In various embodiments, the transmission period information comprises at least one of the following information: first period information, which is used to indicate information related to a first period, the first period being a period corresponding to the first node performing the reception and transmission of data and/or signal; first offset information, which is used to indicate offset information related to the first period; second period information, which is used to indicate information related to a second period used within the first period; and second offset information, which is used to indicate offset information related to the second period.

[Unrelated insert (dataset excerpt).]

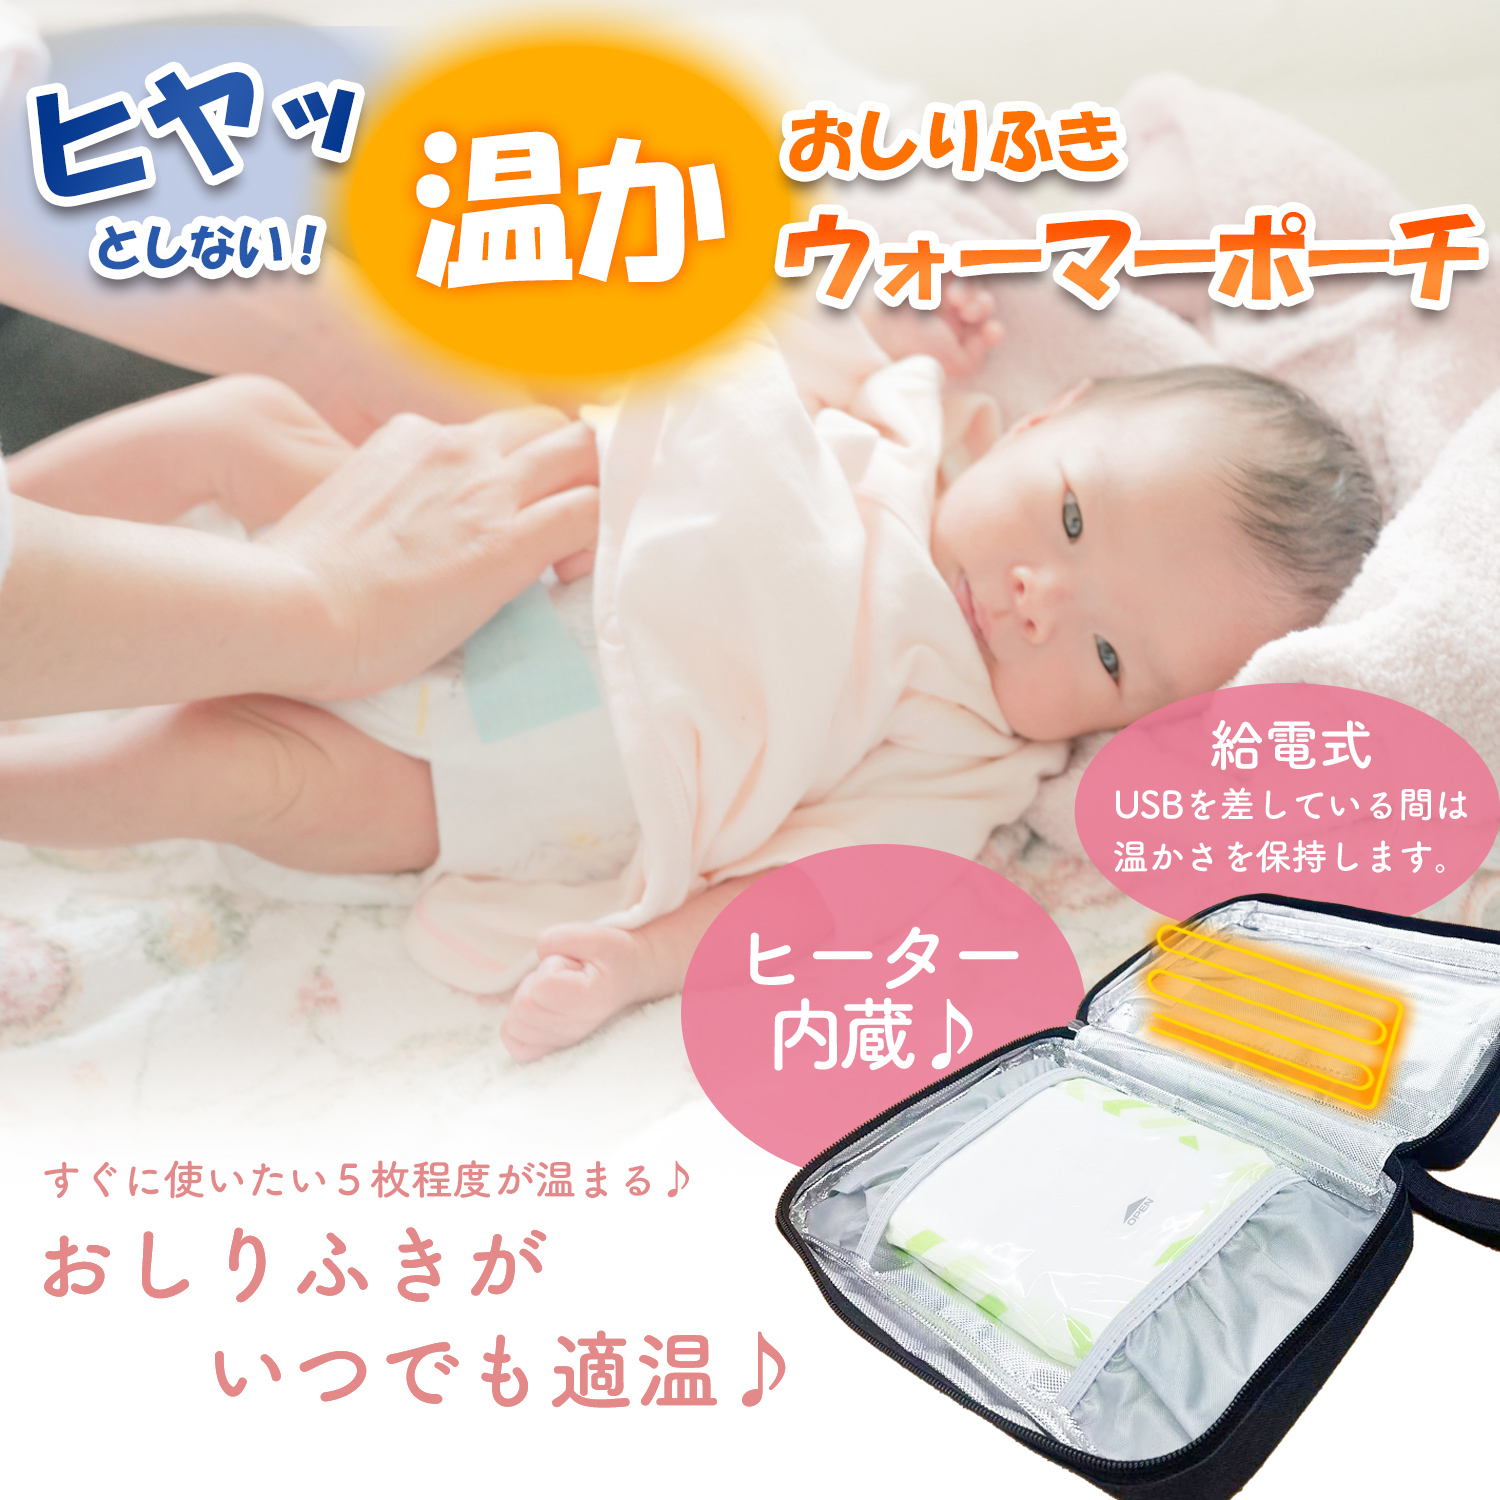  pre-moist wipes warmer pre-moist wipes case pouch celebration of a birth wet wipe pouch .... temperature . vessel baby baby carrying USB type warm protection against cold

In various embodiments, the first information comprises at least one of the following information: signal monitoring configuration information, which is used to indicate configuration information related to monitoring a signal; trigger indication information, which is used to indicate a time when the first node triggers and/or starts reception and transmission of data and/or signal configured by the signal monitoring configuration information; and trigger timer information, which is used to indicate a timer related to triggering and/or starting reception and transmission of data and/or signal configured by the signal monitoring configuration information.

In various embodiments, the third configuration information comprises multiple sets of configuration information, wherein each set of configuration information comprises at least one of the following information: an offset time for monitoring start; a time length for monitoring; and first state indication information, which is used to indicate whether the set of configuration information is in an active state; and/or the third configuration information comprises second state indication information, which indicates whether one or more sets of configuration information in the multiple sets of configuration information are in an active state(s).

In various embodiments, the first timer information comprises one or more configurations for length information, and for each configuration of length information, the first timer information comprises at least one of the following information: a first timer length information; first condition information, which is used to indicate condition information related to starting or restarting the first timer; decrement step size information, which is used to indicate information related to decrement of a timer initial length set when starting or restarting the first timer and/or a step size of a timer when decrementing; first applicability information, which is used to indicate information related to an applicable scope(s) of one or more pieces of information included in the first timer information; and a third state indication information, which is used to indicate whether a configuration for the length information is in an active state; and/or the first timer information comprises fourth state indication information, which is used to indicate whether one or more sets of configurations for length information among multiple sets of configurations for length information are in an active state(s); and/or the second timer information comprises at least one of the following information: second timer length information; second applicability information, which is used to indicate information related to an applicable scope(s) of one or more pieces of information included in the second timer information; and state indication information, which is used to indicate whether the second timer information is in an active state.

In various embodiments, the configuration information for DRX comprises one or more sets of DRX-related configuration information, and each set of DRX-related configuration information comprises at least one of the following information: first configured DRX information, comprising a configuration of parameters for performing DRX; applicable scope information, which indicates an applicable scope of the first configured DRX information; fifth state indication information, which is used to indicate whether the set of configuration is in an active state; and default configuration indication information, which indicates whether the first configured DRX information is a default configuration, and/or the DRX configuration information comprises sixth state indication information, which indicates whether one or more sets of DRX-related configuration information among multiple sets of DRX-related configuration information are in an active state(s).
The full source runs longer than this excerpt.